Il étudie la question des rapports entre l’alimentation et les maladies de dégénérescence (cancer, maladies cardio-vasculaires etc.), et s’aperçoit que des études ont été faites sur la question, mais que la médecine préventive intéresse généralement peu les médecins, qui aiment mieux soigner les malades qu’éduquer les bien-portants.

Il découvre que la plus grande partie des habitants de la Terre, ce qu’on appelle le Tiers-monde, se nourrit précisément de céréales, de légumes et de fruits.

Il apprend que les excès de lipides, de protéines et de calories, ainsi que l’insuffisance de fibres, sont les principaux facteurs alimentaires de maladies (de nos jours, toutes ces idées sont devenues banales en ce qui concerne les calories, les lipides et le manque de fibres. Mais beaucoup de gens croient encore qu’il faut manger un maximum de protéines, dont pourtant les excès sont aussi nuisibles que les carences).

La maladie est une réponse du corps aux agressions toxiques internes. Il faut trouver les causes de la maladie, et le régime qui va rétablir l’équilibre.

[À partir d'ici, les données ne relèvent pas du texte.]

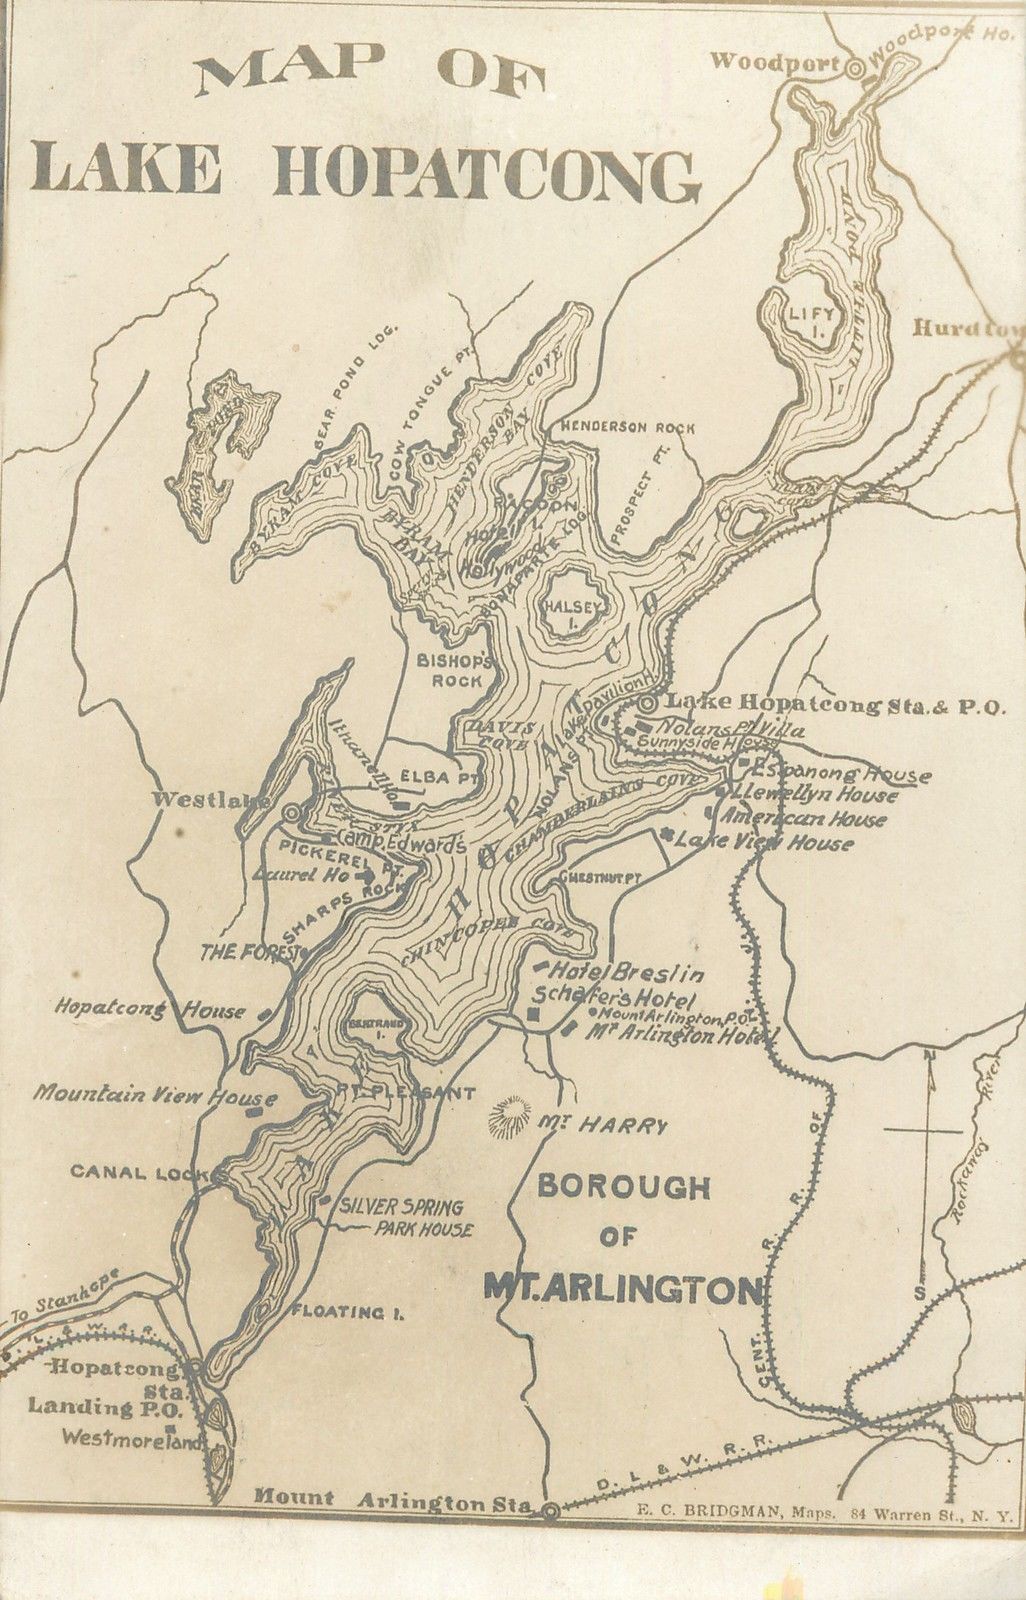 Lake Hopatcong - Map of the lake - W J Harris - c 1910

« En retrouvant cet équilibre, nous donnons au corps la possibilité de se débarrasser de ses toxines et de se guérir lui-même avec le temps, car la restauration de l’équilibre permet au système immunitaire de se renforcer afin de mieux lutter contre le processus cancéreux ».

Il prend conscience qu’il est responsable de sa maladie. Responsable, ça ne veut pas dire coupable, ça veut dire qu’on y peut quelque chose.

 

La philosophie macrobiotique bouleverse sa conception de Dieu qu’il découvre plus grand et plus majestueux qu’il le croyait, car il découvre l’harmonie et l’admirable organisation du monde.

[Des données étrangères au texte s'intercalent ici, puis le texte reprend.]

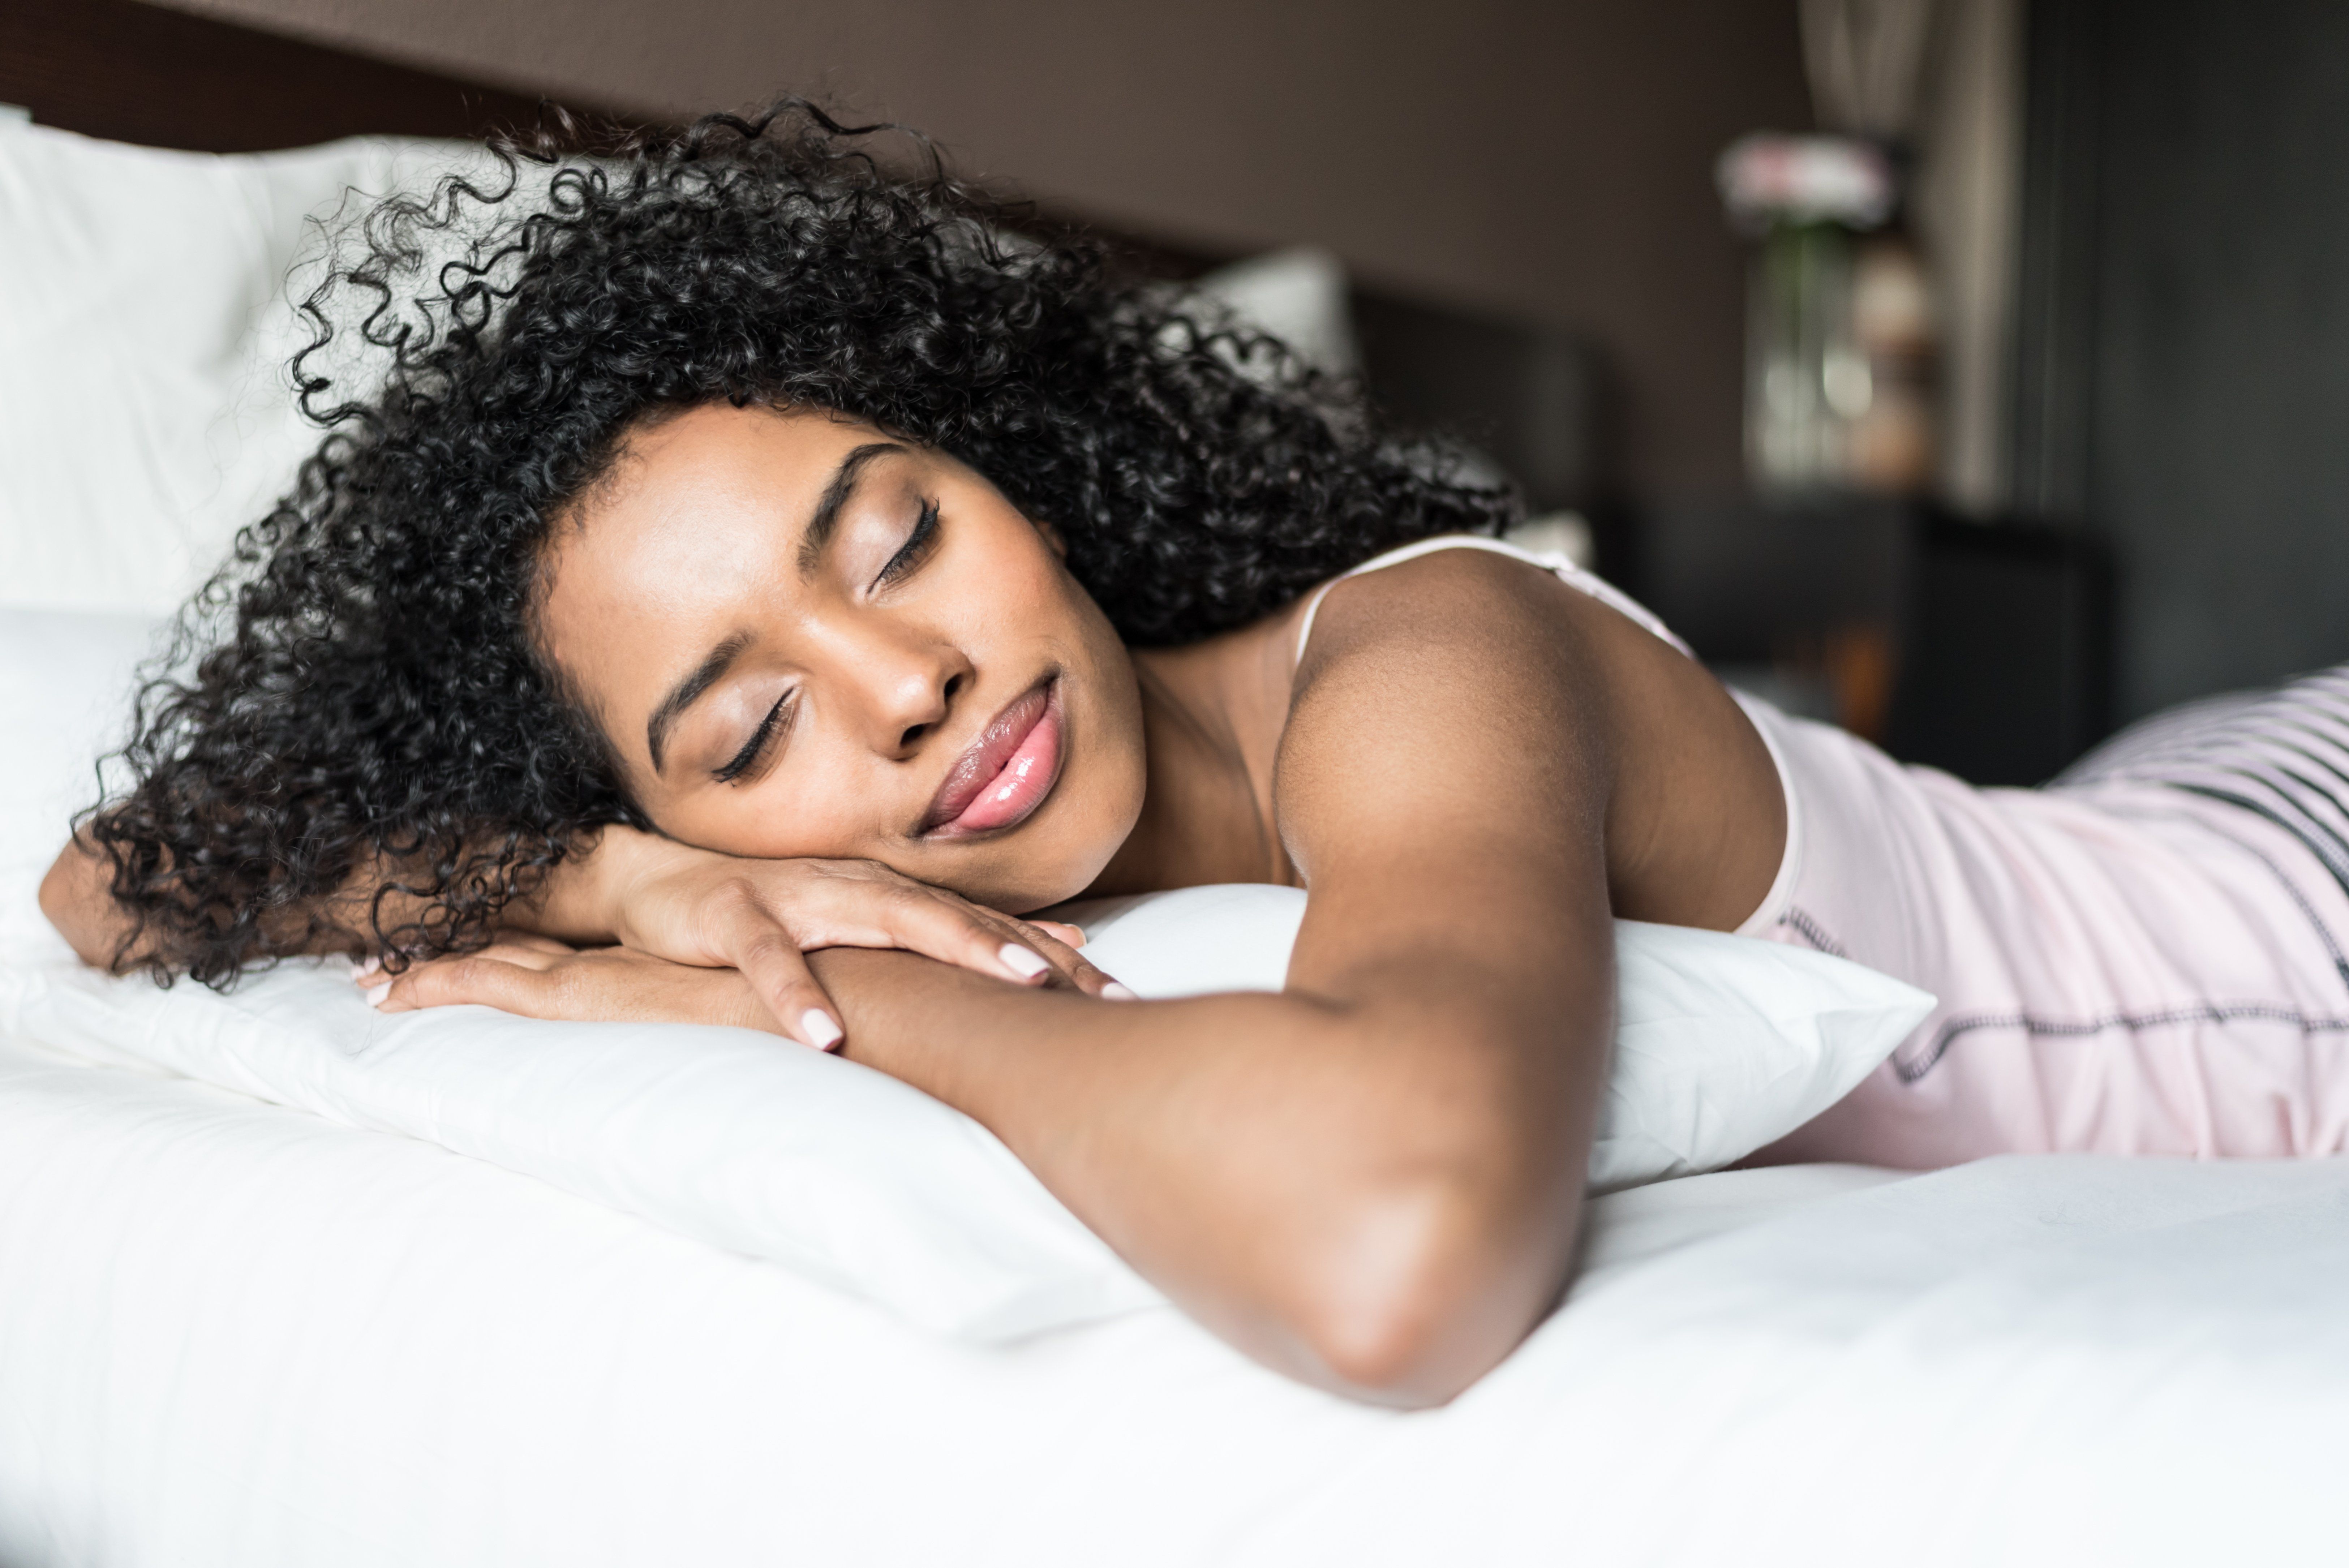 How Does Sleep Impact Eye Health?

Il recommence à aller à l’église, il revient à Dieu, se confesse et communie. Il découvre qu’il était égoïste, ambitieux, matérialiste.

« Mon cancer venait de ce que j’avais pris et pris encore (…). Maintenant si je voulais vivre, il me fallait commencer à donner. Je passerais le reste de ma vie à donner que cela ne pourrait se comparer à ce que j’avais reçu, surtout ce dernier don, le plus beau de tous – me voir rendre la vie et donner cette sagesse, après avoir gâché tant d’années de mon existence. J’en tirai une grande leçon : Dieu accorde ses bienfaits même à ceux qui ne le méritent pas. Telle est l’essence de l’amour. Je me promis de distribuer à mon tour ces mêmes présents qui m’avaient été si libéralement accordés – de répandre ce savoir et de m’attacher aussi fermement que possible aux vertus qu’il renfermait ».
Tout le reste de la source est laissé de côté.